We begin by recognizing that $f(\theta )$ is a product of two functions:

• $u=(2\theta +1{)}^3$
• $v={\tan }^2\theta$

To find $f^{\prime }(\theta )$, we apply the product rule: $\frac{d}{d\theta }(u\cdot v)=\frac{du}{d\theta }\cdot v+u\cdot \frac{dv}{d\theta }$

$\begin{array}{rl}{f}^{\prime }(\theta )& =\frac{d}{d\theta }(2\theta +1{)}^3\cdot {\tan }^2\theta +(2\theta +1{)}^3\cdot \frac{d}{d\theta }\left({\tan }^2\theta \right)\\ & =3(2\theta +1{)}^2\cdot \frac{d}{d\theta }(2\theta +1)\cdot {\tan }^2\theta +(2\theta +1{)}^3\cdot 2{\tan }^{2-1}\theta \cdot \frac{d}{d\theta }(\tan \theta )\\ & =3(2\theta +1{)}^2\cdot (2+0)\cdot {\tan }^2\theta +(2\theta +1{)}^3\cdot 2\tan \theta \cdot {\sec }^2\theta \\ & =6(2\theta +1{)}^2{\tan }^2\theta +2(2\theta +1{)}^3\tan \theta {\sec }^2\theta \\ & =2(2\theta +1{)}^2\tan \theta \left[3\tan \theta +(2\theta +1){\sec }^2\theta \right]\end{array}$

Step-by-step reasoning:

1. Apply the product rule: We differentiate the first function $(2\theta +1{)}^3$ while keeping the second ${\tan }^2\theta$ unchanged, then add the first function unchanged times the derivative of the second.

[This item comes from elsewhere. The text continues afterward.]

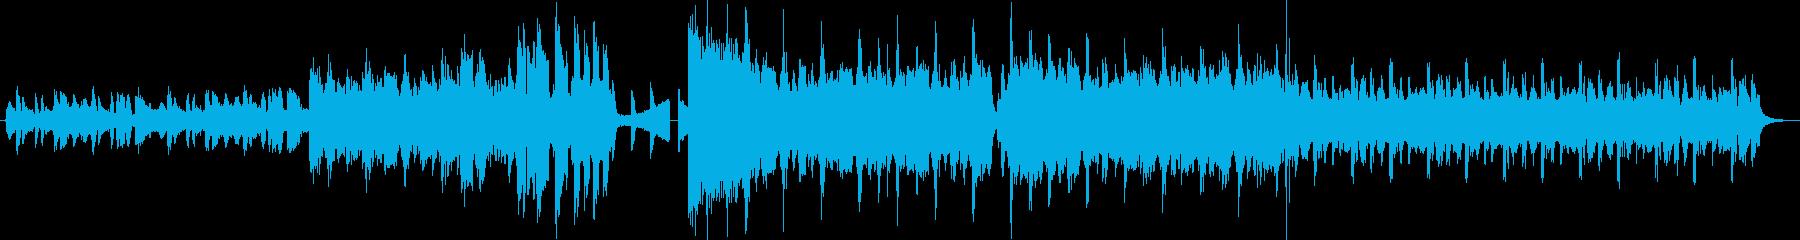 配信のオープニング等に使える楽曲の再生済みの波形

2. Differentiate $(2\theta +1{)}^3$: Using the chain rule, we bring down the power 3, reduce the power by 1, then multiply by the derivative of the inner function $(2\theta +1)$, which is 2.

3. Differentiate ${\tan }^2\theta$: Using the chain rule on this composite function, we treat it as $(\tan \theta {)}^2$. We bring down the power 2, reduce the power by 1 to get $\tan \theta$, then multiply by the derivative of $\tan \theta$, which is ${\sec }^2\theta$.

4. Simplify: Multiply the constants $3\times 2=6$ in the first term.

5. Factor: Extract the common factors $2(2\theta +1{)}^2\tan \theta$ from both terms to obtain the most compact form of the answer.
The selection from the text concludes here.